Late last year, ExxonMobil bought the Bakken-based assets of Denbury Resources for $1.6 billion in cash and interests in two oil fields, in a move that gave the oil behemoth 50 percent more acreage in the oil hub.

Not to be outdone, energy giant Hess has also gone on a production binge in the suddenly hot Bakken. In January, the company said it churned out 87 percent more oil and gas from the region than in 2011. In a call with analysts, company chairman and CEO John B. Hess called the North Dakota outpost "arguably one of the best shale oil plays in the world."

In effect, the growing land presence of energy companies means the price of oil and gas could become less susceptible to the vagaries of natural disasters like Sandy and Isaac.

Shelter From the Storms

The recent trends in U.S. oil production may have the added benefit of insulating the world's largest energy consumer from a potential supply shock from turbulent weather.

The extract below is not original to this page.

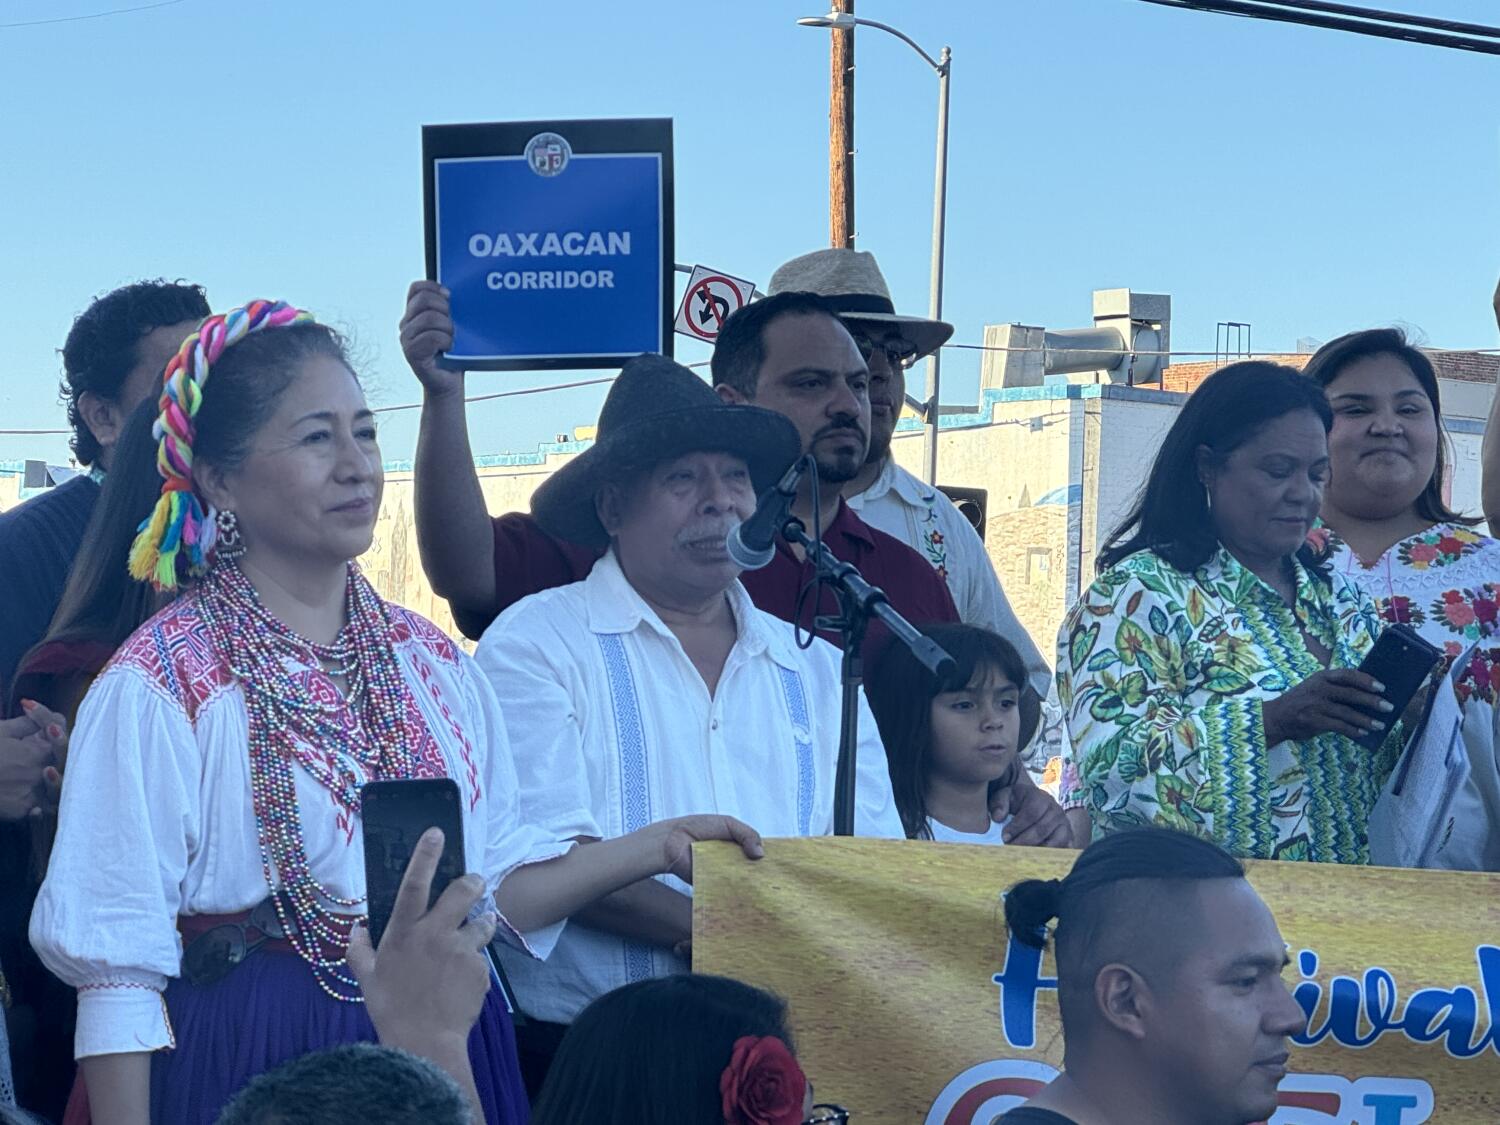 Angelinos celebran la designación del Corredor Oaxaqueño, un vibrante enclave étnico en el boulevard Pico

To be certain, storms are a real risk to oil producers and refiners, given that the Gulf Coast still accounts for 23 percent of total U.S. crude production, with over 40 percent of total refining capacity located along the Gulf Coast, according to the Energy Information Agency.

As a result, companies like BP, ExxonMobil and Shell maintain extensive protocols to evacuate offshore oil platforms in the event of extreme weather. This is a real risk: this week, weather experts warned that the U.S.'s chances of getting hit with a major storm are 70 percent higher than last year – which saw Tropical Storm Isaac and superstorm Sandy batter the U.S.

"We take the risk of hurricanes seriously," an ExxonMobil spokesman told CNBC in an interview. "We have well-executed plans of preparation in place."

Most of the Gulf energy giants conduct evacuation drills to prepare workers, maintain emergency supplies and have rescue equipment on stand-by if a hurricane or tropical storm forms.